Howard Farran:  So I do have that?

Kent Smith:  Yeah, you do have that.  Okay, number two, do you have an overbite.  Do your upper teeth cover at least 50% of the lower teeth?  It doesn’t look like it.  A little hard to tell for sure, but do you think you cover up more than 50%?  Do you have that much of an overbite?

Howard Farran:  You know, it’s funny.  Even though I look like Brad Pitt, I never look at myself in the mirror.  I don’t know what that is. 

Kent Smith:  Okay, and then the third part is when you look at the back of the throat there is something called the pharyngeal grade and most dentists, or most people, have never looked at the back of their throat.  They couldn’t draw a picture of it, they don’t have a clue. 

Howard Farran:  I haven’t. 

Kent Smith:  Right.  So you look at the back of your throat and the walls on the side, you know, they are going to close in like this.  I call them the curtains and these are the horizontal curtains.  If they are about halfway closed, that is a pharyngeal grade.  It is called the pharyngeal grade.  If that is a pharyngeal grade of three, you fall into the formula.  So if you have got a closed curtain, halfway closed, if you have got an overbite and if you have got this turkey waddle, 95% chance you have apnea. 

Howard Farran:  Yeah, and you know what?  I was talking to Jen Butler earlier and she was saying that, you know, when dentists are low-energy, I never thought of this connection.  When dentists are tired and exhausted and low-energy, they just watch instead of saying, “Yeah, it is a cavity.  I call pull it over right now and fix the filling.”  It is an emergency and they just say, “Here are some antibiotics,” or refer them to an endodontist.  And so I think the first thing I would think, when you said these machines are $5,000 I just thought, you know what, if you were going into work and you weren’t tired and you woke up fresh and you were ready for the day, you would probably do $5,000 more of dentistry the first week. 

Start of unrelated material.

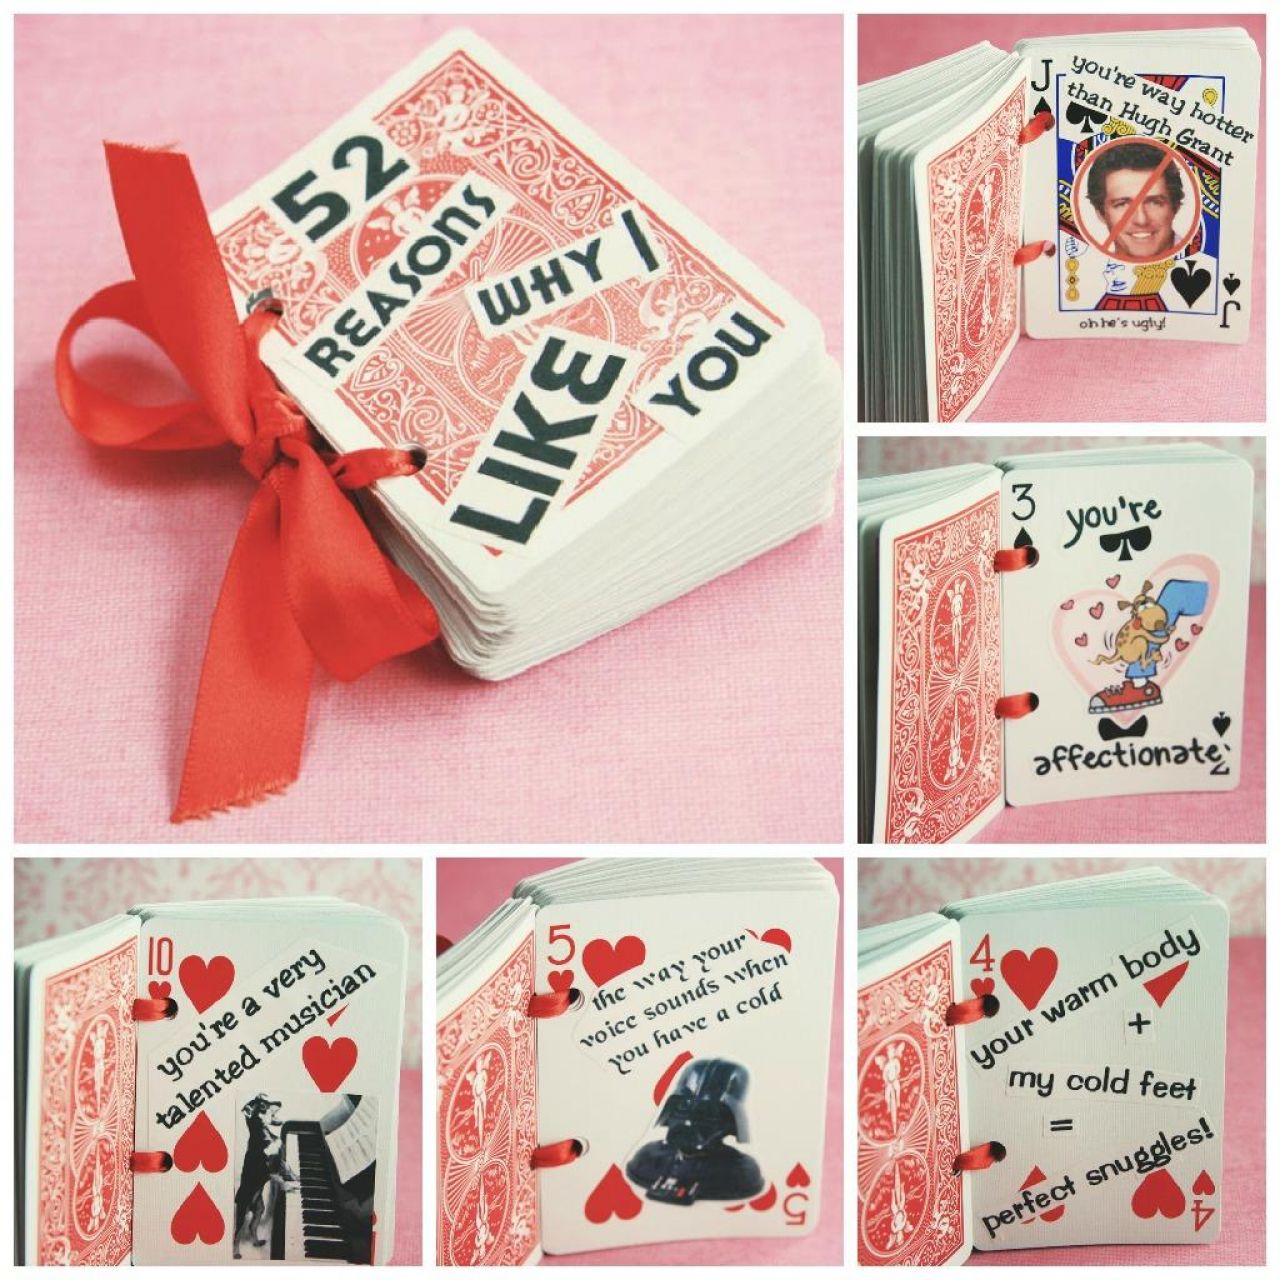 best valentine gift for bf

Kent Smith:  That is right, yeah. 

Howard Farran:  I bet your return on investment on this machine for the dentist is probably a week.  Now again I am thinking of myself, so I am thinking of dentists who are 50-year-old men and you say men four to one over women and over 50.  So if you are a man and you are over 50, what percent of the dentists that are male over 50 do you think probably have sleep apnea undiagnosed and untreated?

Kent Smith:  You know, I would say it is probably 30% to 40%.

Howard Farran:  Yeah, so 30% to 40% of the dentists should just buy this machine to find out if they have it.  And my best friend that I went all the way from college and is a dentist up the street, I mean, he got this thing and he just feels like a new kid.  

Kent Smith:  Oh, yeah. 

Howard Farran:  I mean, he just feels, I mean he is just the biggest cheerleader.  That is what I find.  I have been listening to him yack at my ear for two years and finally it was like, okay, I am going to go do this.  Because he wouldn’t live without it.  He said the first night he slept with it, he felt five years younger.  After one night. 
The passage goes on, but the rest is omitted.